Each year the president appoints 11 council members to five-year terms; the 55 appointees serve alongside 10 representatives from the U.S. Congress and a representative each from the state, interior and education departments.
Noam Neusner, a White House liaison to the Jewish community in President Bush’s first term, said it was more of a matter of the Bush administration reaching out to people in a position to contribute to the museum than a rush of applications.
“I can’t recall people being aggressive,” Neusner said. “As far as I know, only a handful of people” coveted a council seat above all other possible appointments.
Those who wanted a council seat were likely to get it just by expressing interest, as long as they had the requisite relationship with the president, said Michael Gelman, a Washington-area accountant who served two terms from 1993-2003 and backed former President Bill Clinton in his first presidential run.
“I made it known I was interested and I got the appointment,” Gelman said. “I was interested because the Holocaust museum was just starting up and it was an important institution.”
In addition to the sobriety of the museum’s mission, a disincentive is the relatively long term. As a result, council members were cultivated from disciplines that could promote the museum and its educational mission.
“Members were chosen because the council needs a variety of viewpoints,” Neusner said. “You’ve had good communicators in the public sphere, radio, TV and film, people who have had political roles, like [former New York Mayor] Ed Koch and [former Massachusetts] Gov. William Weld, who are familiar with how government works.”
Add to the list “people with skill sets in the business world who have to oversee a large institution,” Neusner said. “Like any corporate board you want multiple types of people. It helps to have independent people, people who are not deeply ingrained in the Holocaust academic and survivor communities, with fresh eyes” — although survivors also must be represented.
That was the philosophy that led Bush to appoint Fred Zeidman, a successful Houston-area lawyer and longtime backer, to chair the governing body, officially known as the U.S. Holocaust Memorial Council. His status as an outsider from a community that was deeply committed to remembrance helped shape Bush’s determination to make the institution relevant to present-day genocide, Neusner said.
The museum has taken the lead in exposing the genocide in Darfur engineered by allies of the Sudanese government.

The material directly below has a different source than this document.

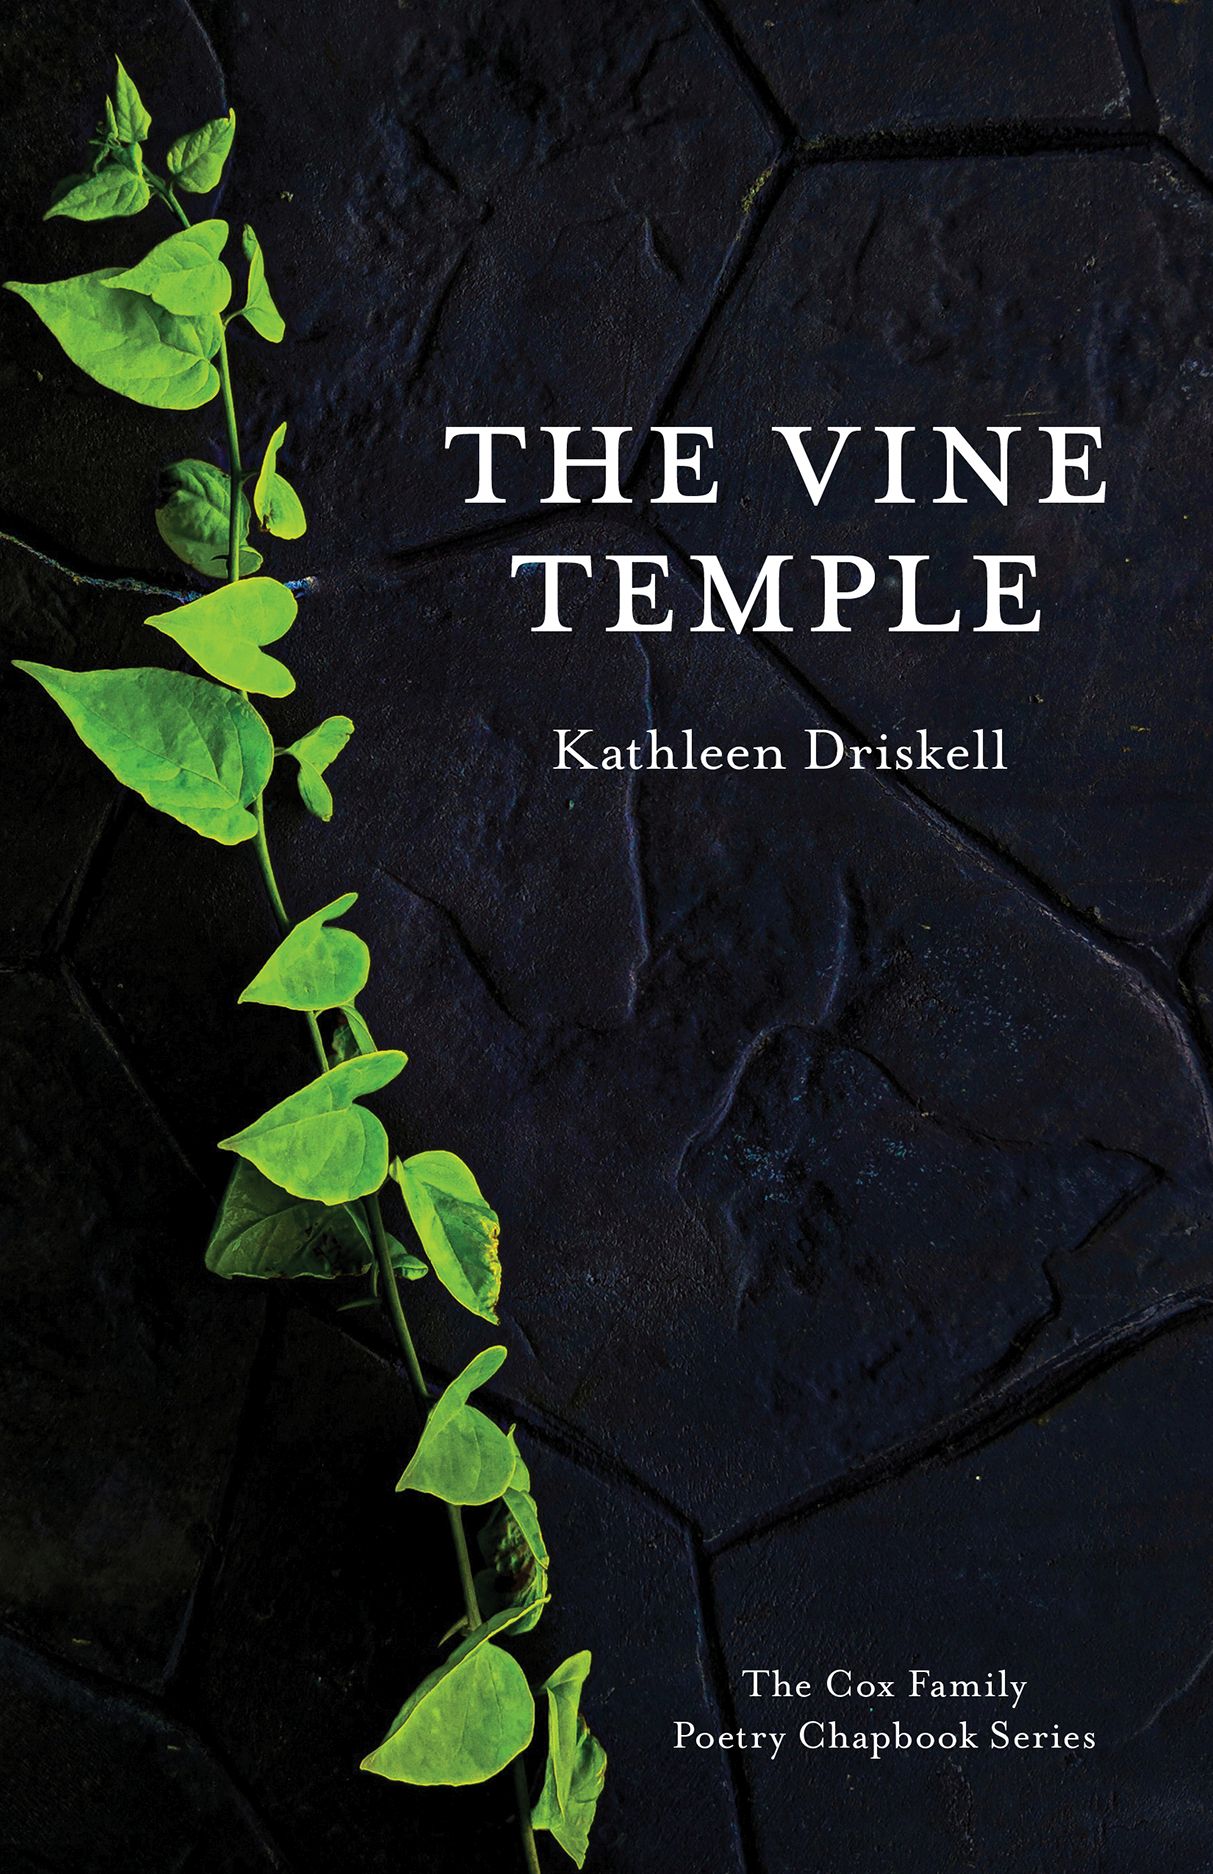 Kathleen Driskell to Participate in the Kentucky Book Festival with “The Vine Temple”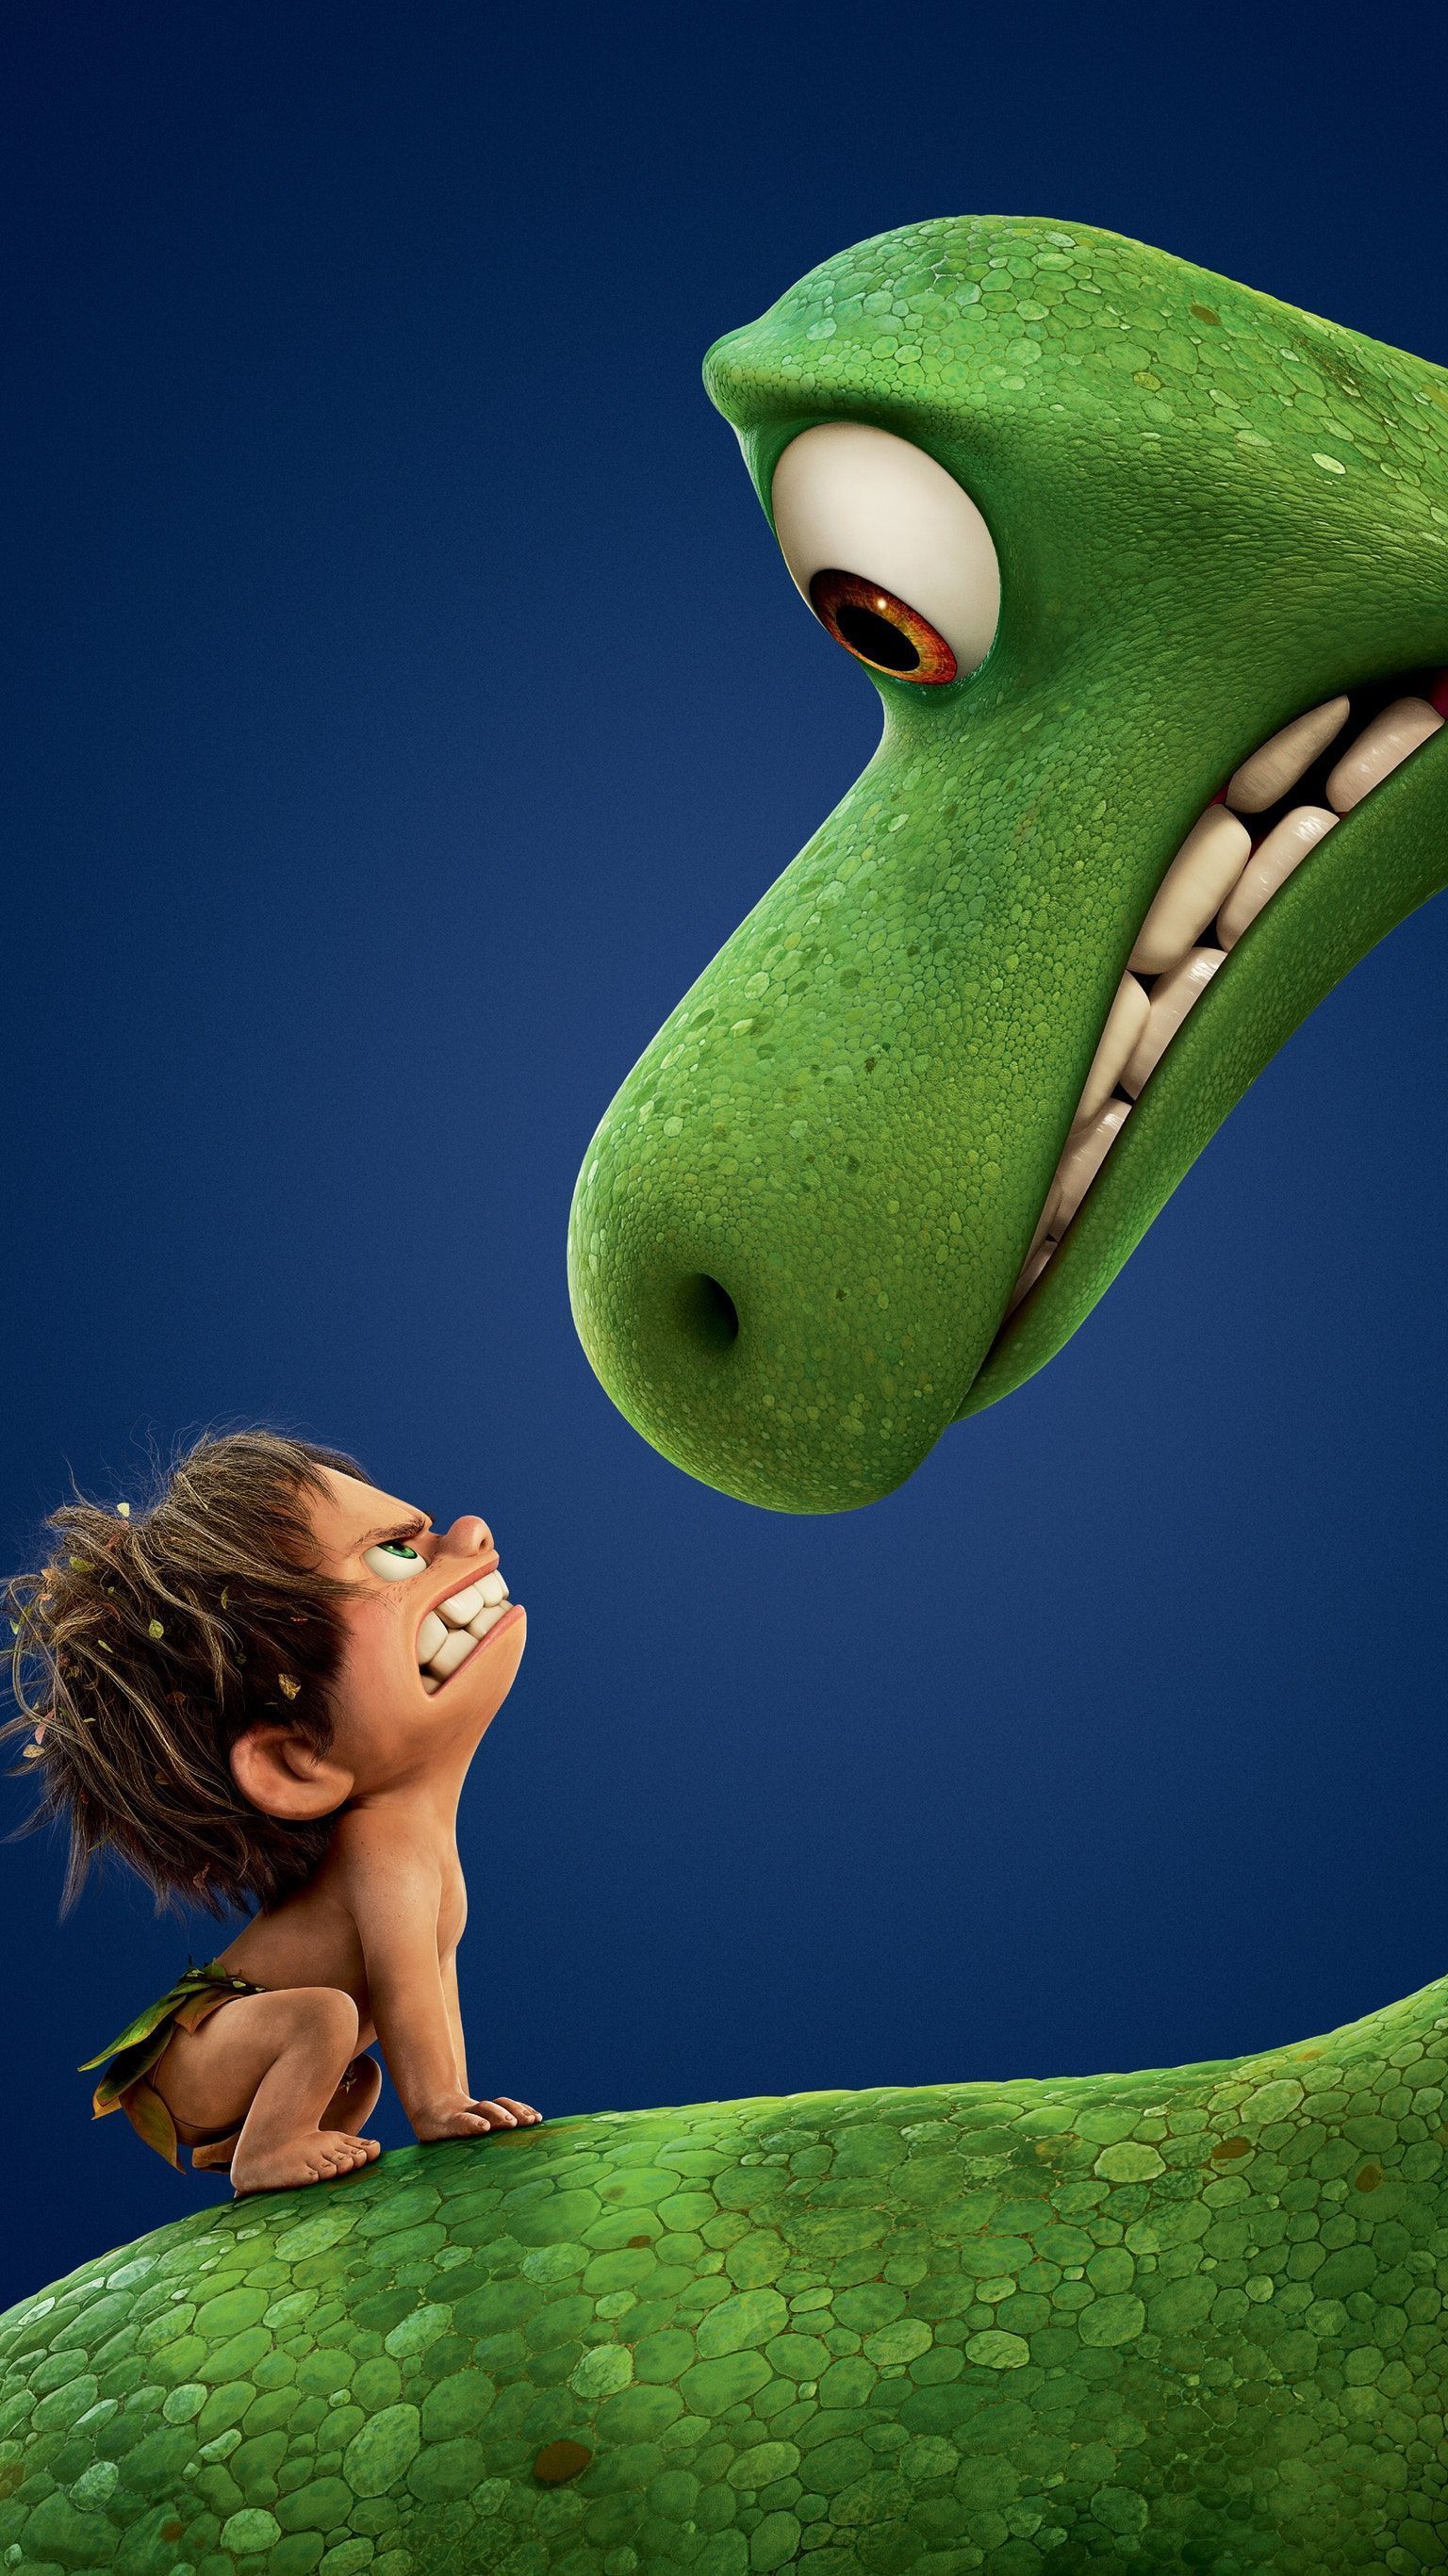 The Good Dinosaur Downloadable Wallpaper for iOS  Android Phones  For  The Love of Pixar

“The president has always had a very strong commitment to Holocaust memory, what it teaches free nations about protecting the innocent,” Neusner said.
Gelman said he wouldn’t exchange the experience for anything; the depth of his learning about the Holocaust and about World War II Europe has enriched him.
“I made a lot of friends I became very close to,” he said. “I gained a lot of respect for those who committed their lives to Holocaust education.”
Gelman recommends the experience — for those willing to serve.
“Some you only saw when they came to board meetings,” a handful of times a year, he recalled. “Some you never saw at all.”
Gelman is deeply involved in pro-Israel activism and Washington-area Jewish good works, but he says he misses his days on the museum council.
“I would go back on the board in a minute,” he said. “That says it more than anything else.”